* _Exercise prompt_: Every line of the listing belongs in your answer exactly as written; the images do not.

* _Data shown_:
^^^^^^^^^^^^^^^^
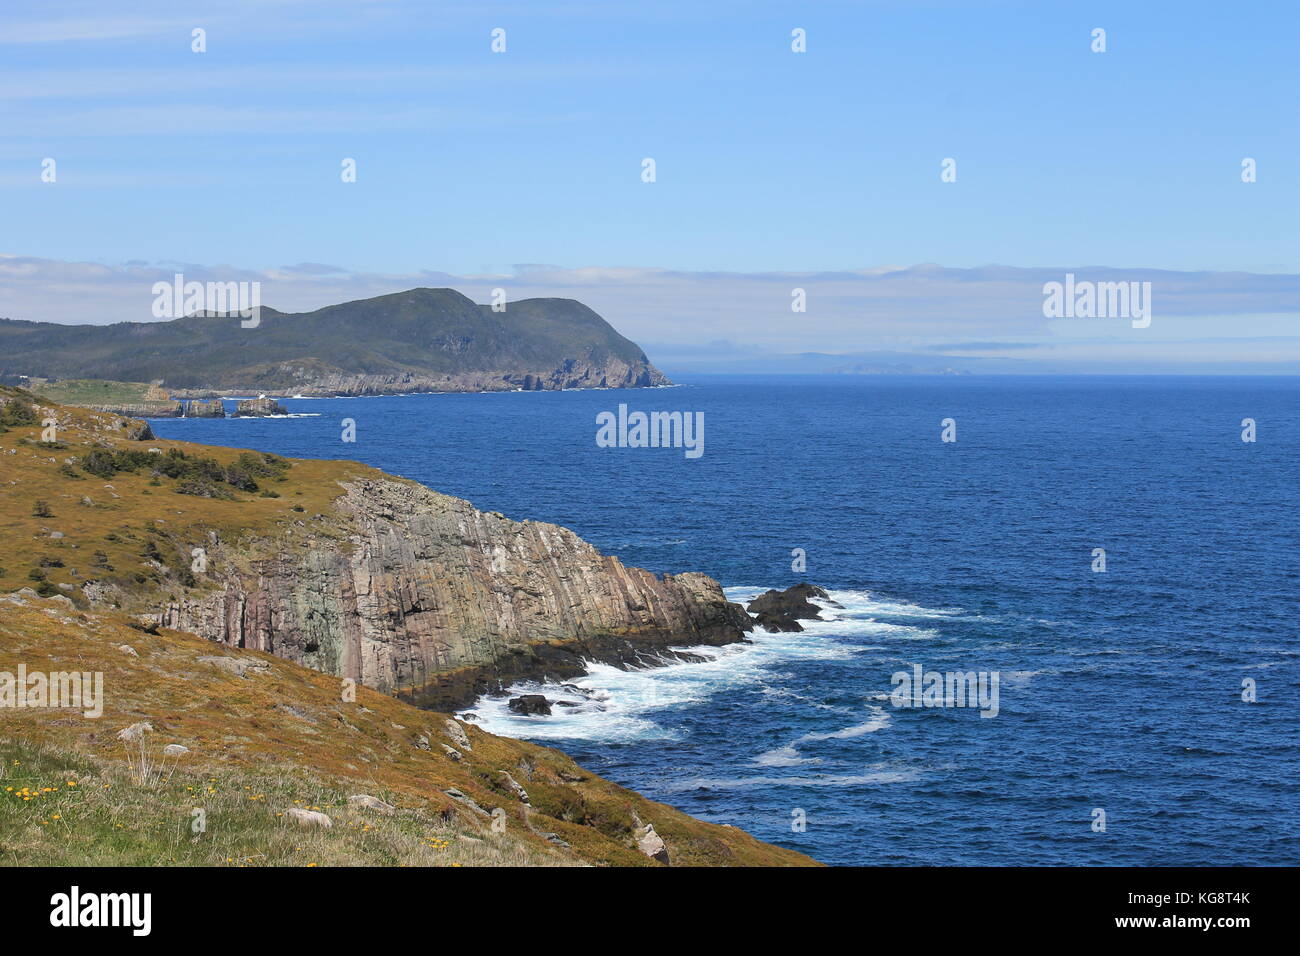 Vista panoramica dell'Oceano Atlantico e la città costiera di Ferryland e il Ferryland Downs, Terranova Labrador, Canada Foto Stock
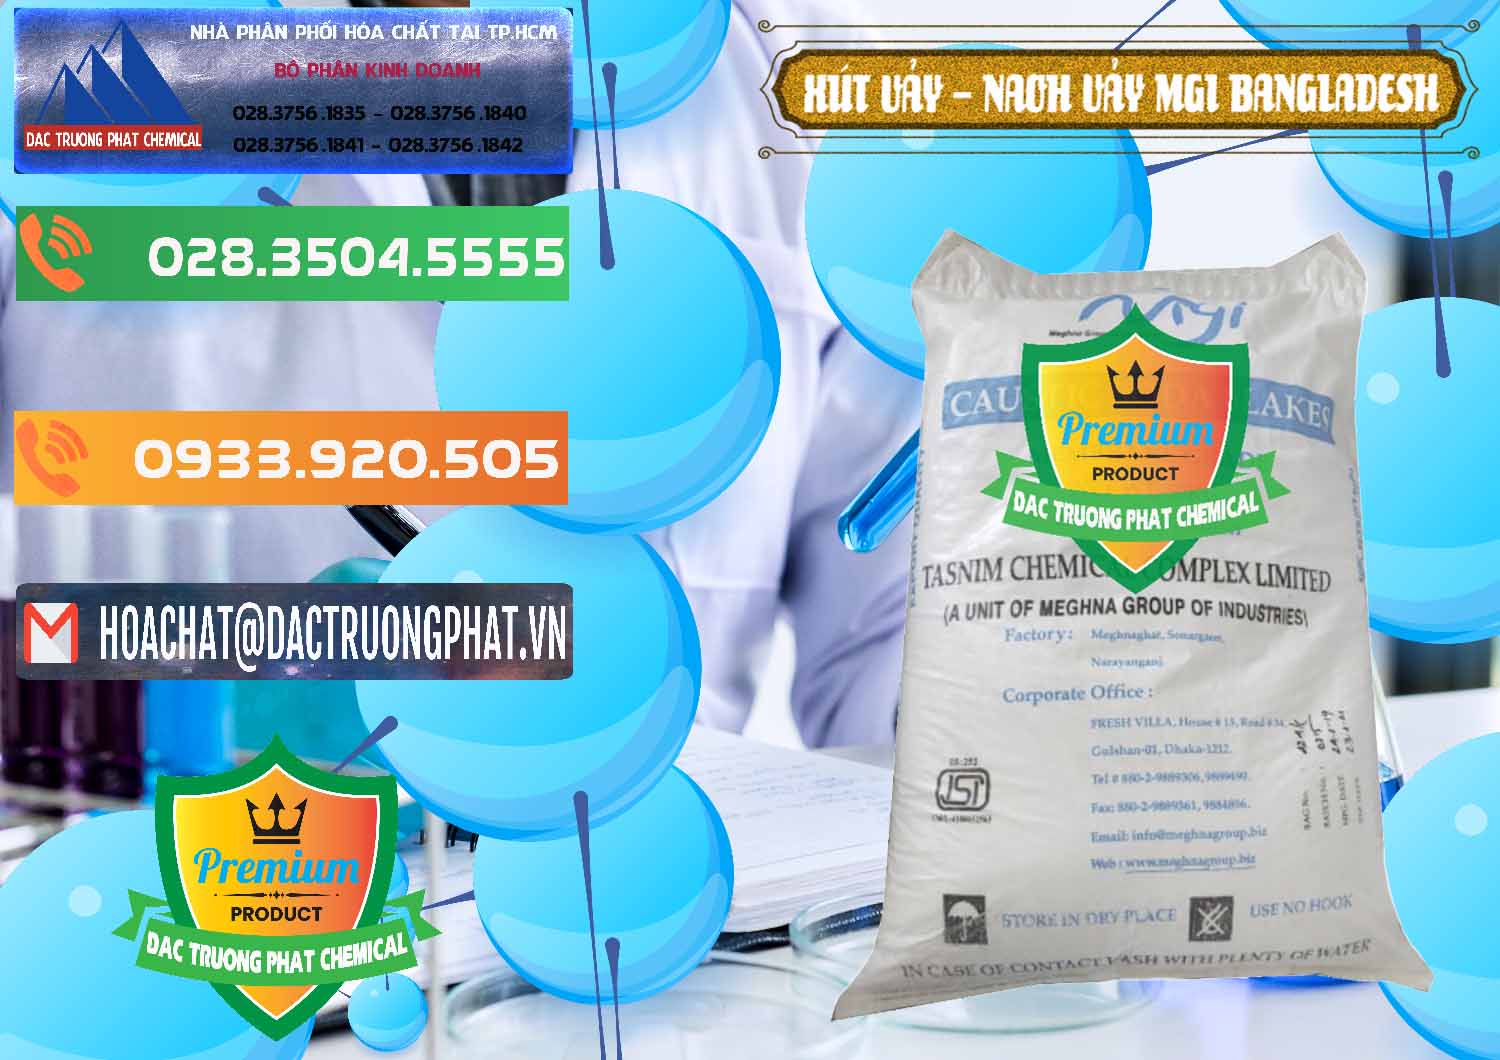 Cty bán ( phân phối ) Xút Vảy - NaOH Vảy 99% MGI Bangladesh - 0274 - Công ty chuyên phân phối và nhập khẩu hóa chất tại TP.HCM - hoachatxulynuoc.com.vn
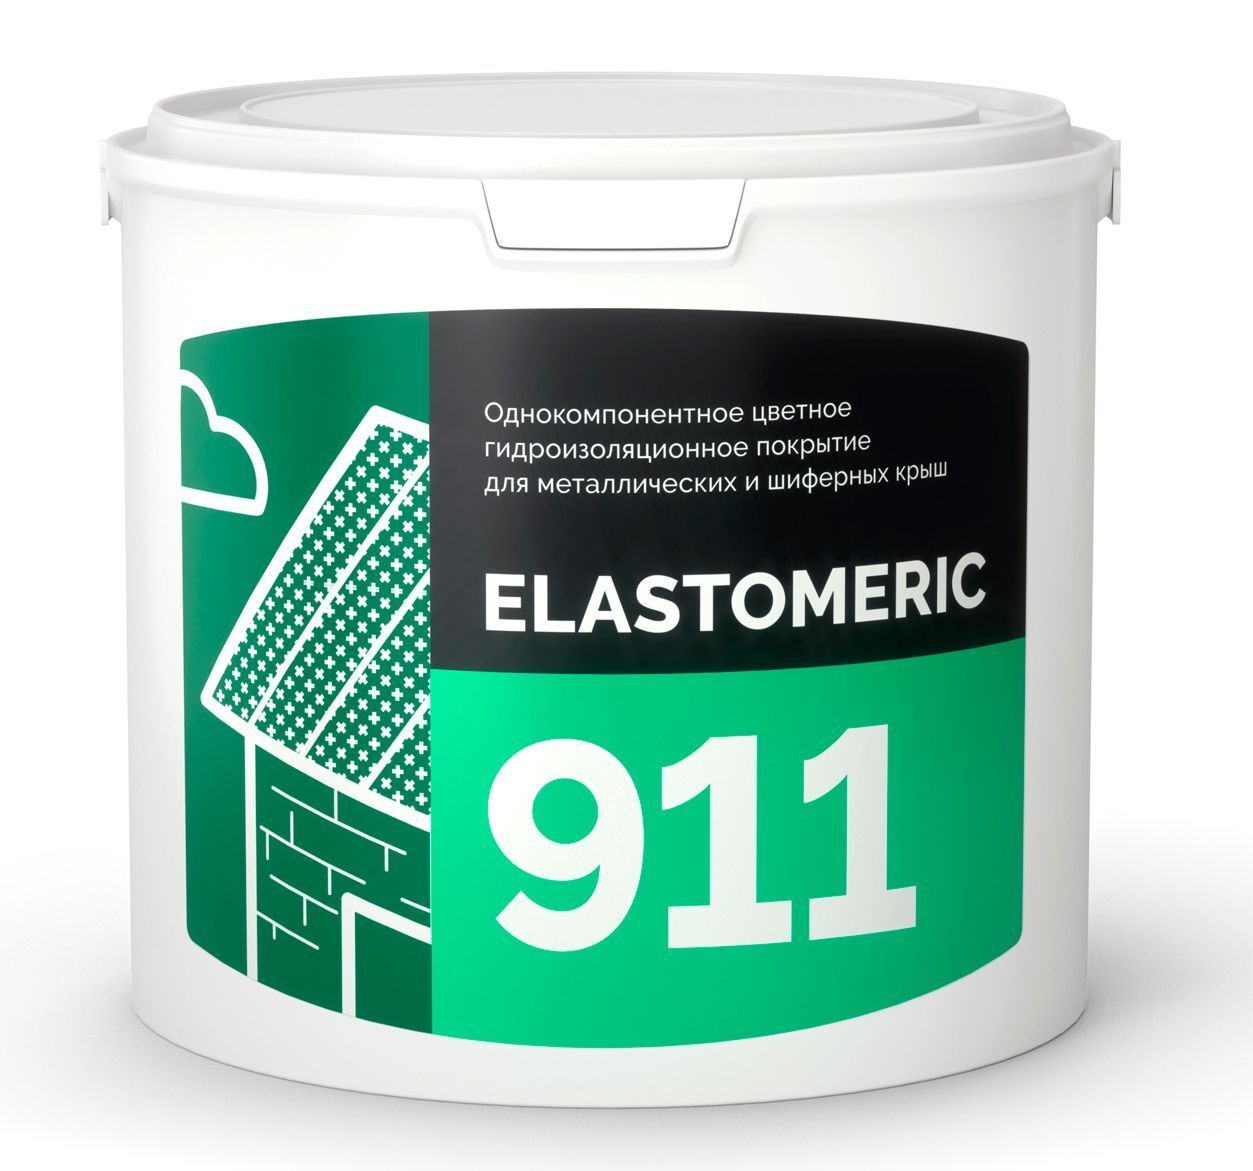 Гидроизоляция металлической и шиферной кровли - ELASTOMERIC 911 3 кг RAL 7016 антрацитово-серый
^^^^^^^^^^^^^^^^
* _Answer for the task_:
 Vista panoramica dell'Oceano Atlantico e la città costiera di Ferryland e il Ferryland Downs, Terranova Labrador, Canada Foto Stock
 Cty bán ( phân phối ) Xút Vảy - NaOH Vảy 99% MGI Bangladesh - 0274 - Công ty chuyên phân phối và nhập khẩu hóa chất tại TP.HCM - hoachatxulynuoc.com.vn
 Гидроизоляция металлической и шиферной кровли - ELASTOMERIC 911 3 кг RAL 7016 антрацитово-серый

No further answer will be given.